Plumbeous Kite Ictinia plumbea Scientific name definitions

Hilary Yu
Version: 1.0 — Published March 4, 2020
Text last updated October 11, 2012

Systematics

Geographic Variation

Monotypic, no variation throughout its range.

Subspecies

Monotypic.

Related Species

Plumbeous Kite (Ictinia plumbea) and Mississippi Kite (Ictinia mississippiensis) comprise the only members of the genus Ictinia. Sutton (1944) classified mississippiensis as a subspecies of plumbea, but most authorities recognize each as a species. Some authorities (Thiollay 1994) consider the two to form a superspecies.
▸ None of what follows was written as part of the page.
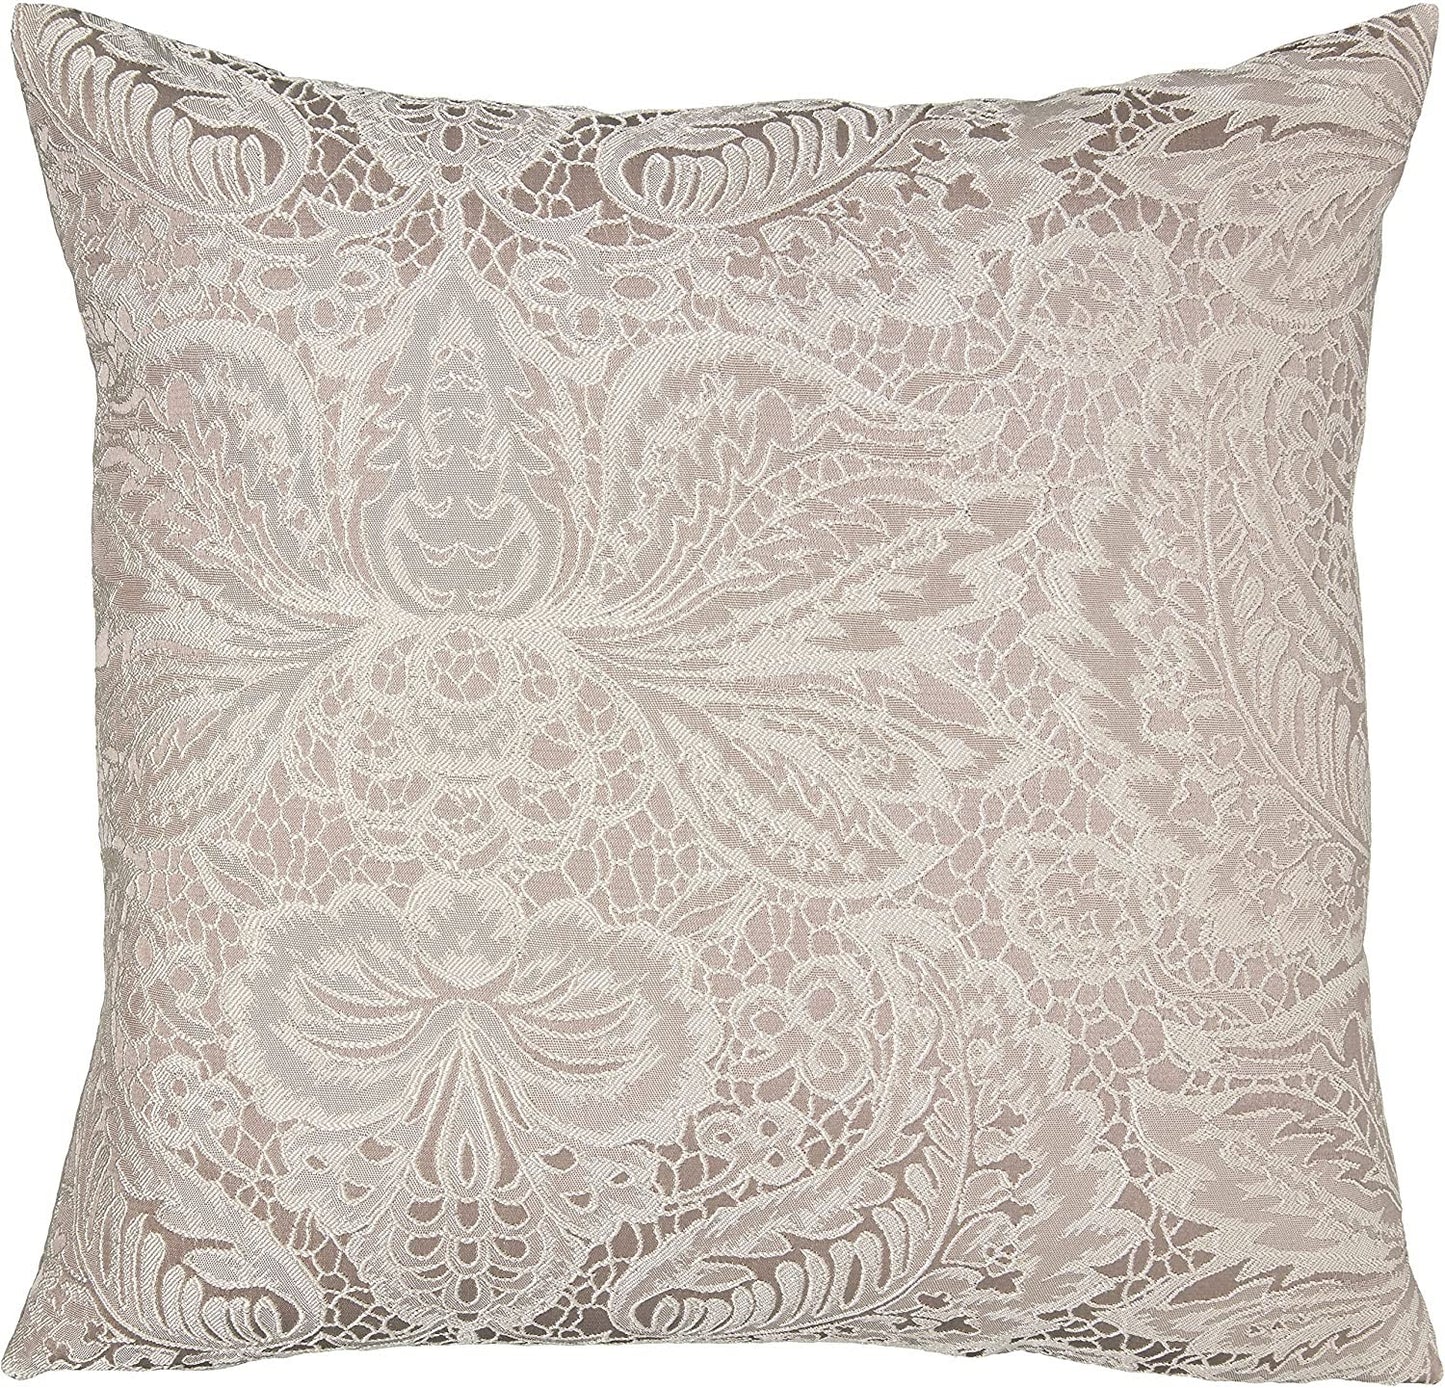 Pacifica Lace Look Damask Pattern Decorative Throw Pillow Cover
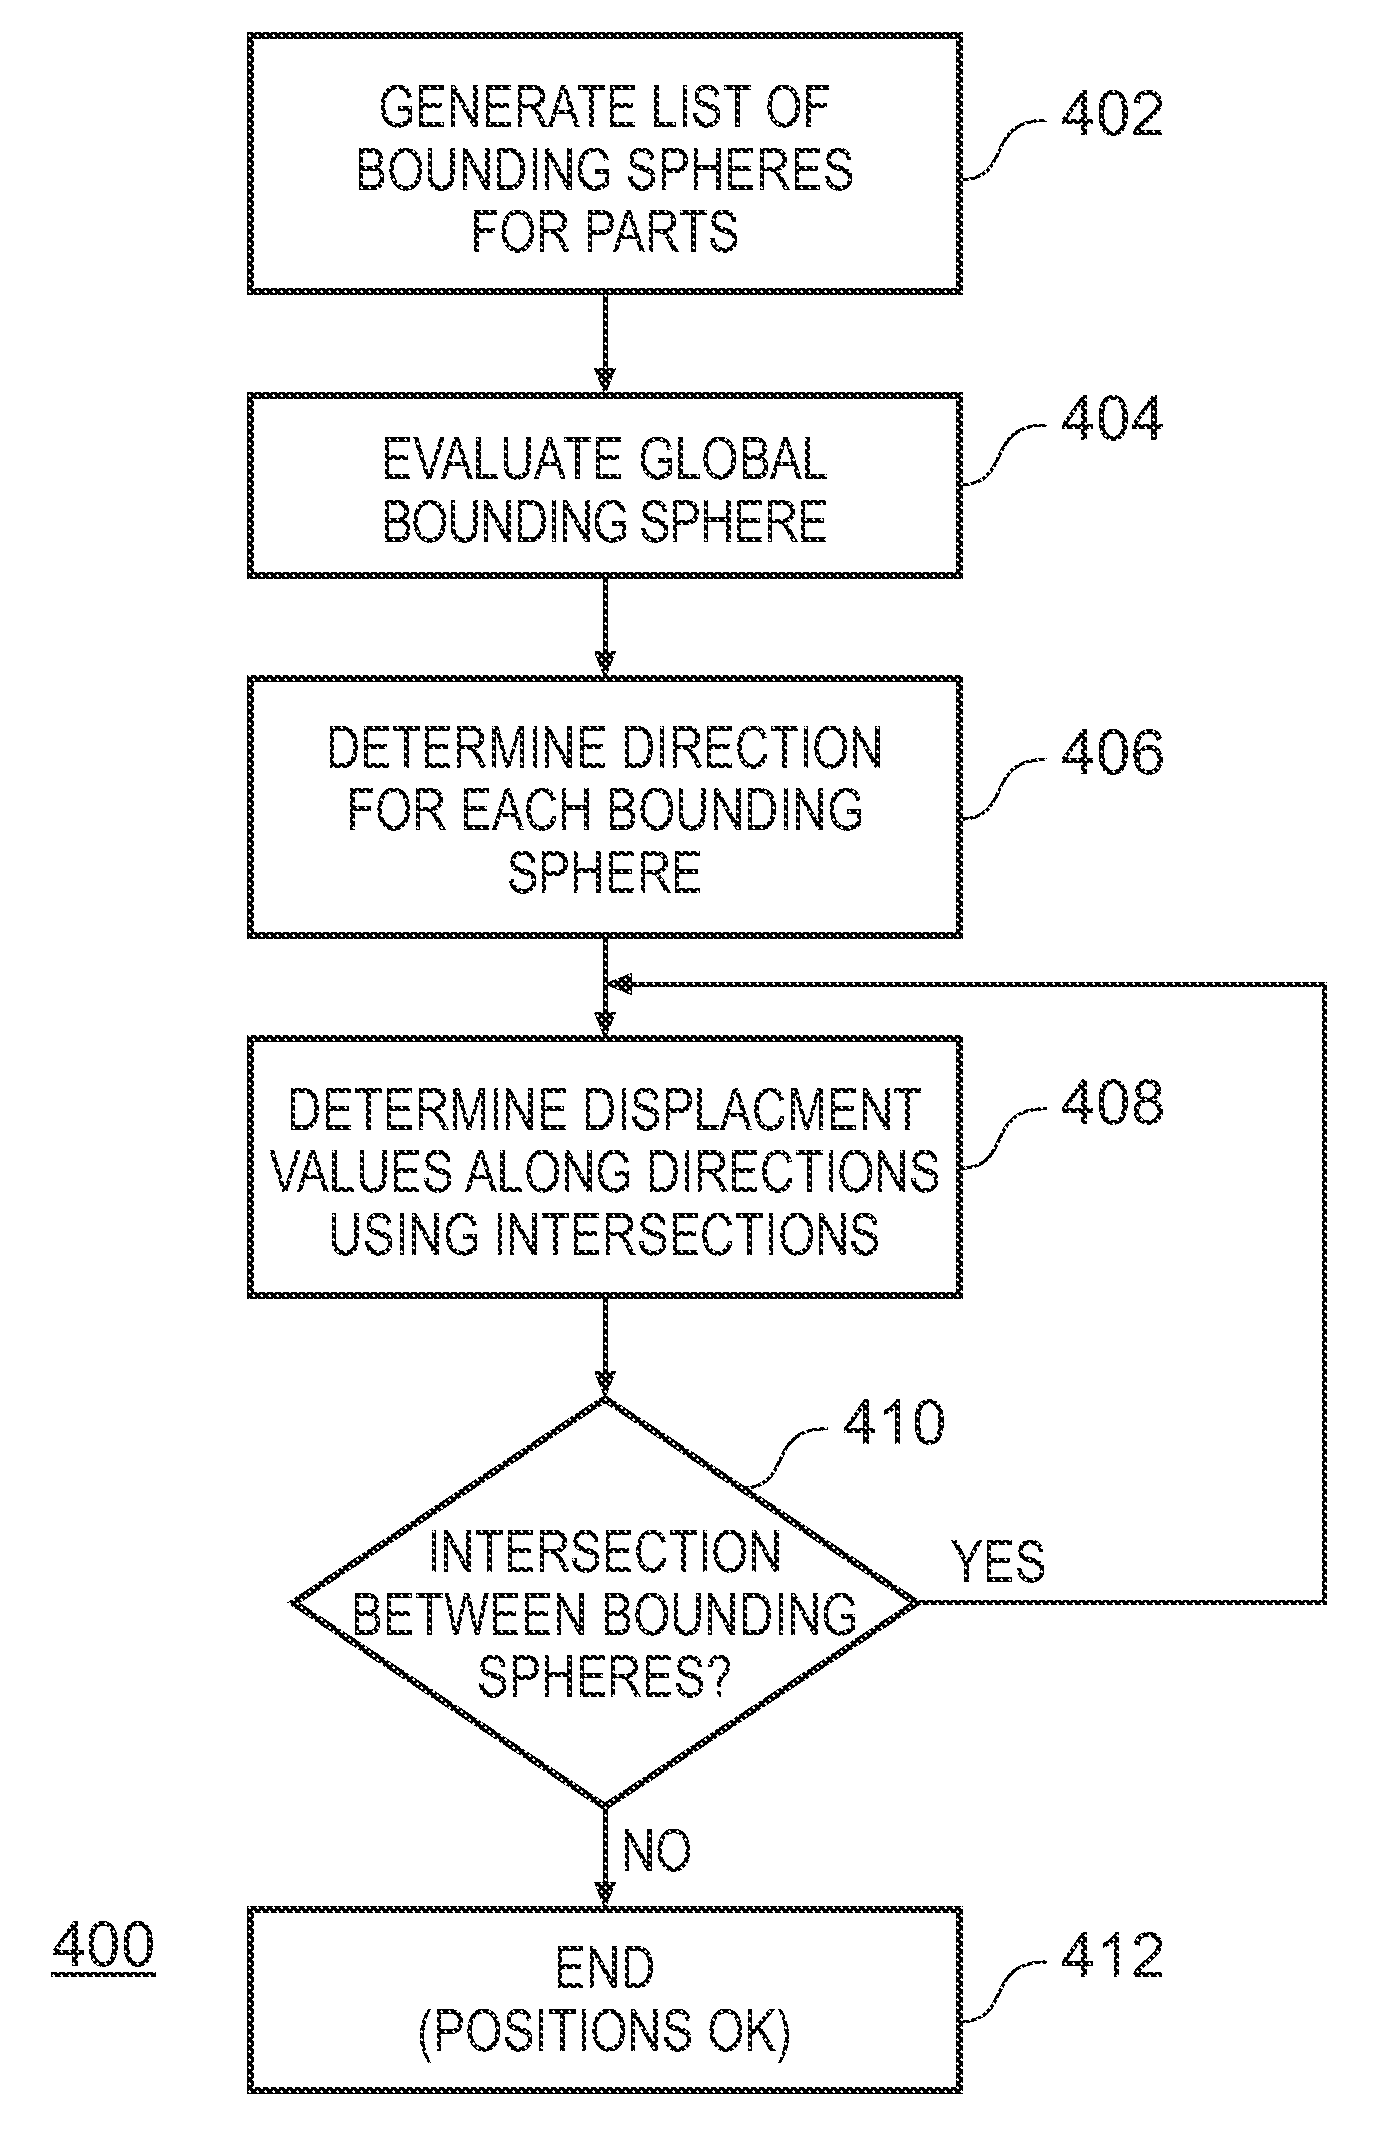 Computer system and method for providing exploded views of an assembly

Accipitridae encompasses 217 species and includes the hawks, eagles, Old World vultures, and kites. On the basis of morphological data, three clades of kites traditionally were recognized: Milvinae (including Ictinia), Elaninae and Perninae. Phylogenetic analyses of DNA sequence data, from both nuclear and mitochondrial genesMolecular analyses, however, reveal the Perninae and Milvinae subfamilies to be polyphyletic (Lerner et al. 2005, Griffiths et al. 2007), and that many buteoine taxa are embedded within kites. The affinities of Ictinia within this radiation are not yet established, however. Lerner et al. (2005) place Ictinia as basal to a clade that includes Geranospiza, Rostrhamus, Buteogallus, Rupornis, Pseudastur, Parabuteo, Buteo, and Leucopternis. Griffiths et al. (2007) place Ictinia within a radiation that includes many of the same taxa, but identify Ictinia as sister to Butastur (an Old World genus).

Fossil History

A fossil of the distal half of a tarsometatarsus was collected in Sonora, Mexico in recent years, marking the first discovery ever made of an Ictinia fossil. The fossil specimen was identified as belonging to the genus Ictinia, instead of other small accipitrids in the New World, by a combination of several factors including a relatively long and wide foramen vasculare distale and a wide Trochlea metatarsi II (which, for example, differentiated it from Elanus, Harpagus, and Accipiter). The tarsometatarsus specimen is larger than any available specimens of the two Ictinia species, Plumbeous and Mississippi, living today. Because the two species can not be distinguished from one another merely by their distal tarsometatarsi, it is unknown whether the recently discovered fossil is a record of the Plumbeous or Mississippi Kite. It should be noted, however, that there are no modern records for the presence of either of these species in Sonora (Steadman 2010).